Stay at home parents are said to be fallen behind on professional knowledge and skills. What is more, back in the days as an HR professional I also got a motivational letter explicitly accepting the prejudice like: “a lot changed in the past two years, but I still know that…”

Those who ever crapped up a hiring process (like me) know that it is always better to hire someone clever and motivated with only limited experience than a guru who is in the dumps. Professional knowledge can be picked up (often fast), but enthusiasm and the constant desire to learn and improve… not that much. I don’t think we should be afraid to be left behind by the newest trends – at least at 95% of the professions.

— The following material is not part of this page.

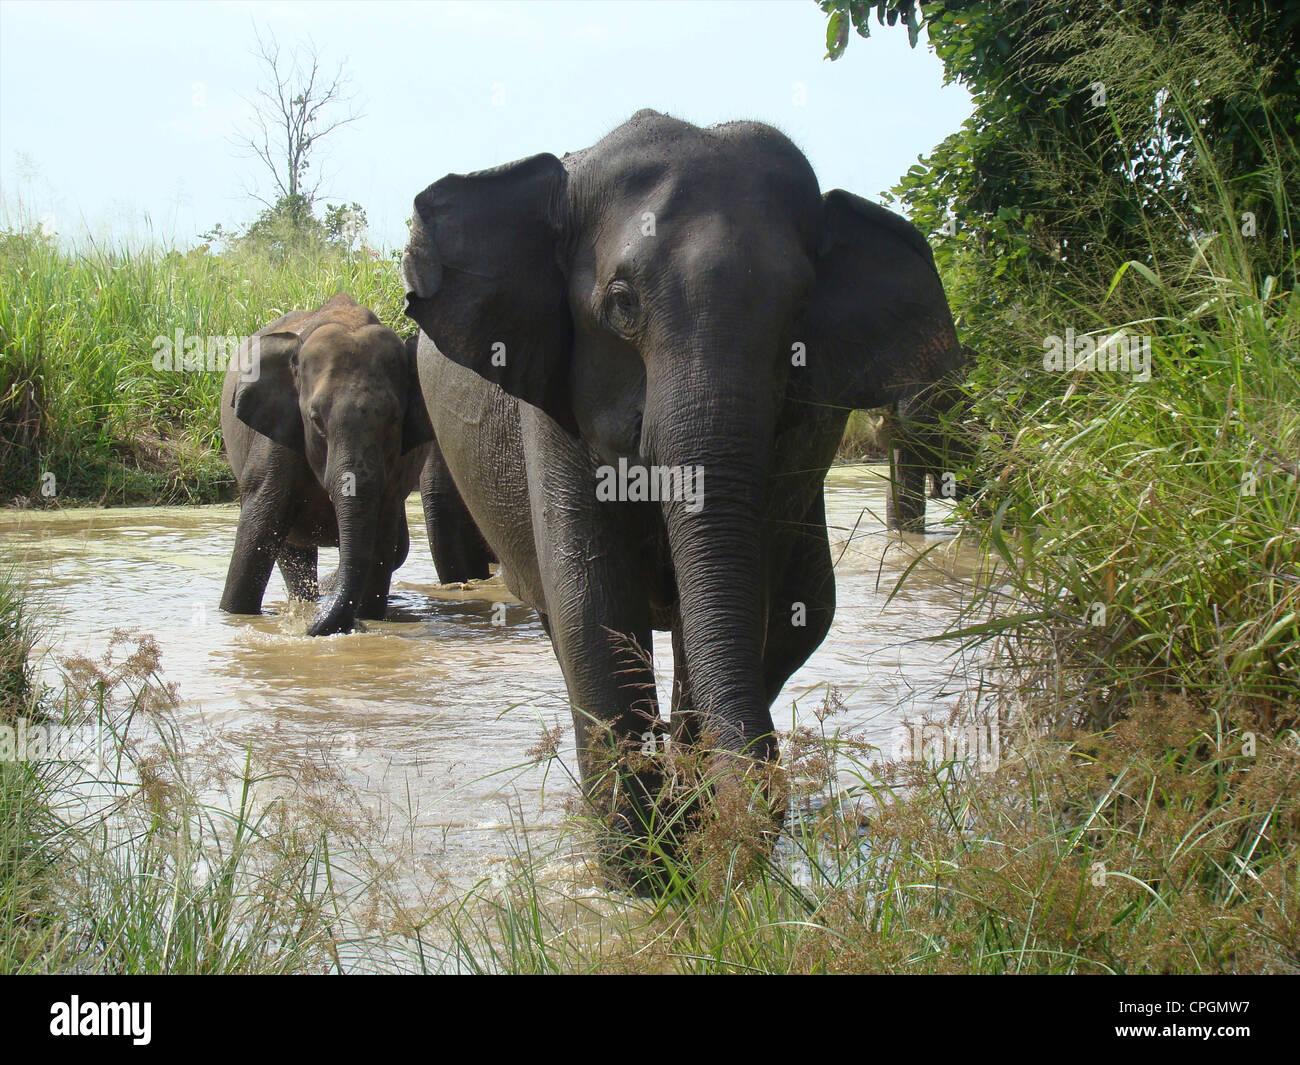 L'éléphant d'Asie, Elephas maximus maximus, Parc National d'Uda Walawe, Sri Lanka, Asie Photo Stock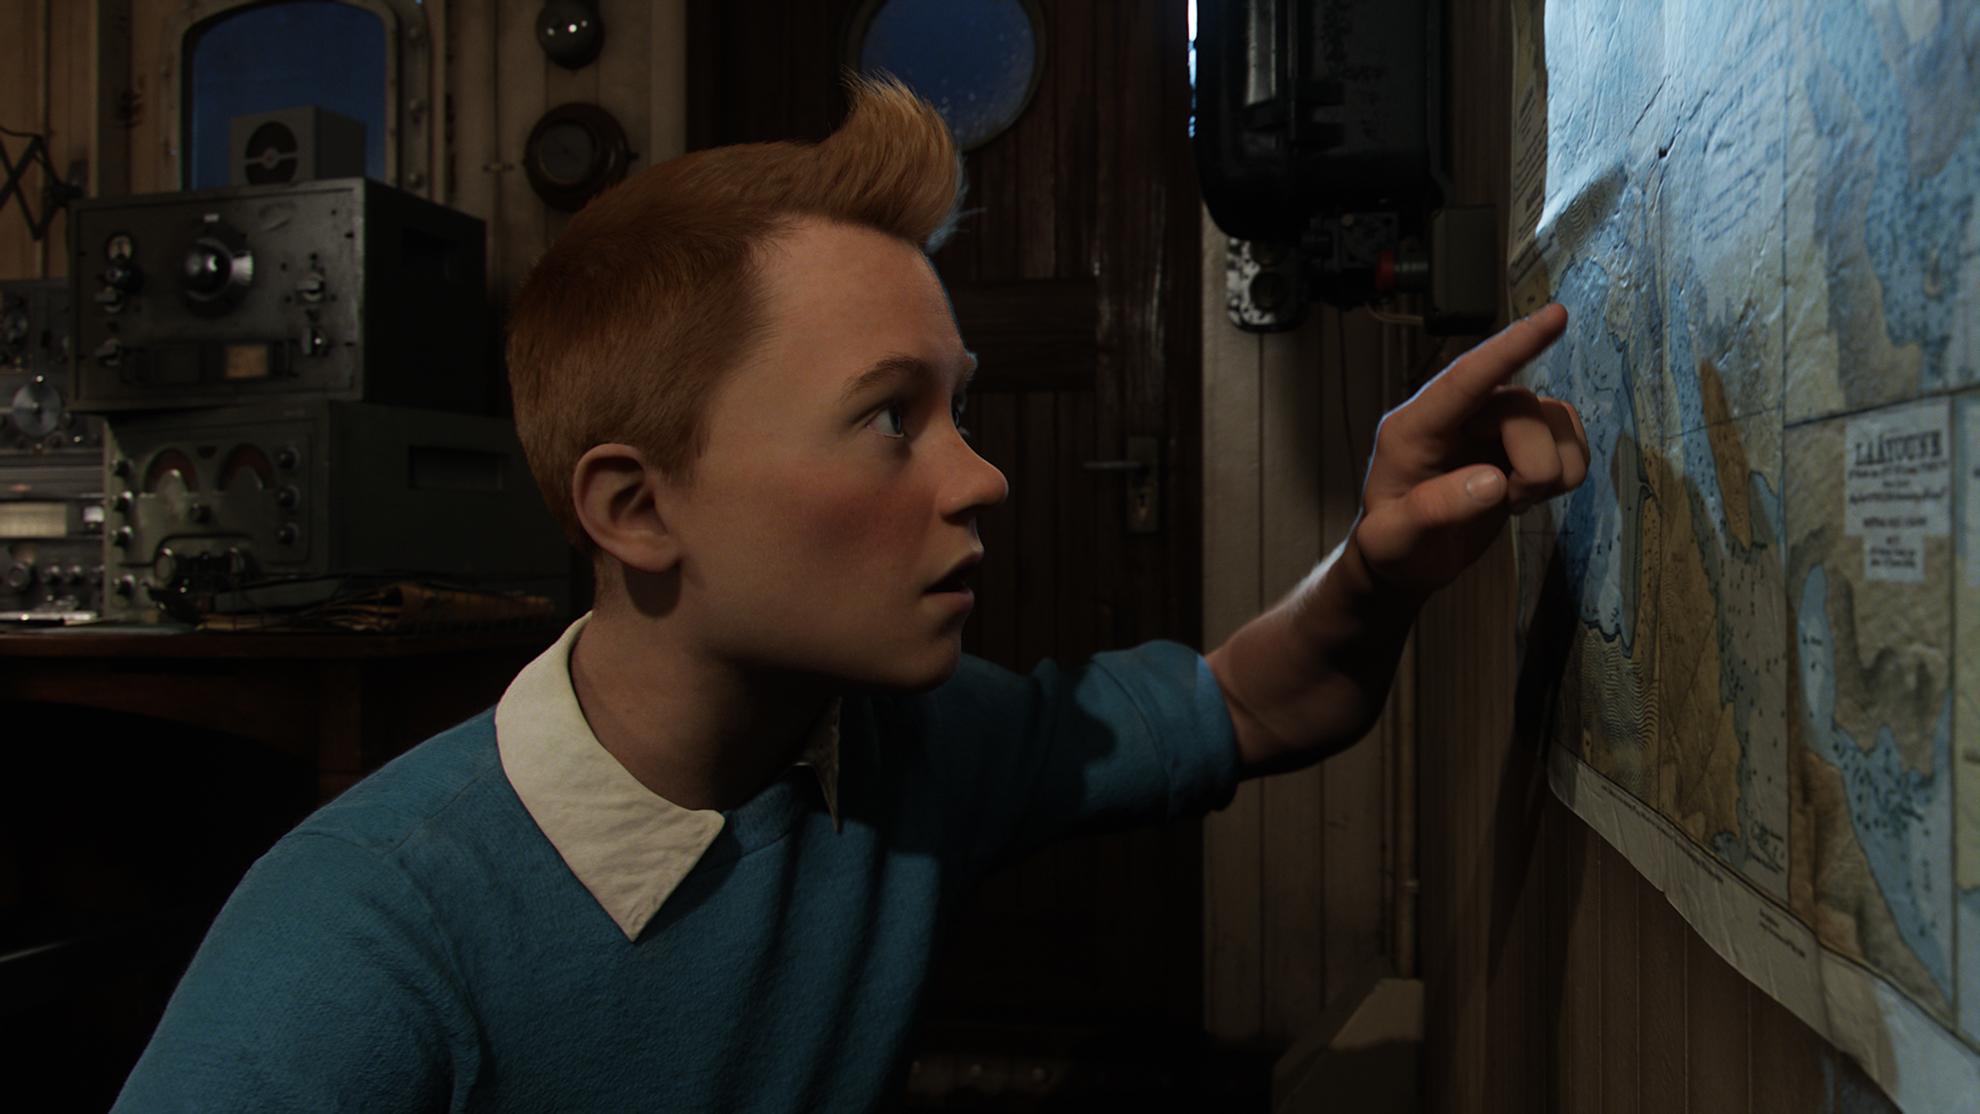 Tintin: ESTP – The Book Addict's Guide to MBTI:

What’s more, stay at home parents might just be the really hungry ones for some adult (meaning professional) content. You can say it’s a shame that back in the days I rarely was in the mood for professional learning beside my job(s), but… in the last nine months I listened more audio books and presentations, attended more meetups and webinars than ever before. If I pop in for some work nowadays, I have to restrain myself not to say ‘according to Peter Block’ all the time…


I could continue with other skills as well, but according to Avinash Kaushik, CoR (Conversation Rate) is a rather important social metric, so it’s your turn: what were your experiences on your soft skills as a parent? It is more exciting if you are a WAHP or WOHP – I am interested how the way you do work has changed. Do you apply your home learnings at your workplace as well?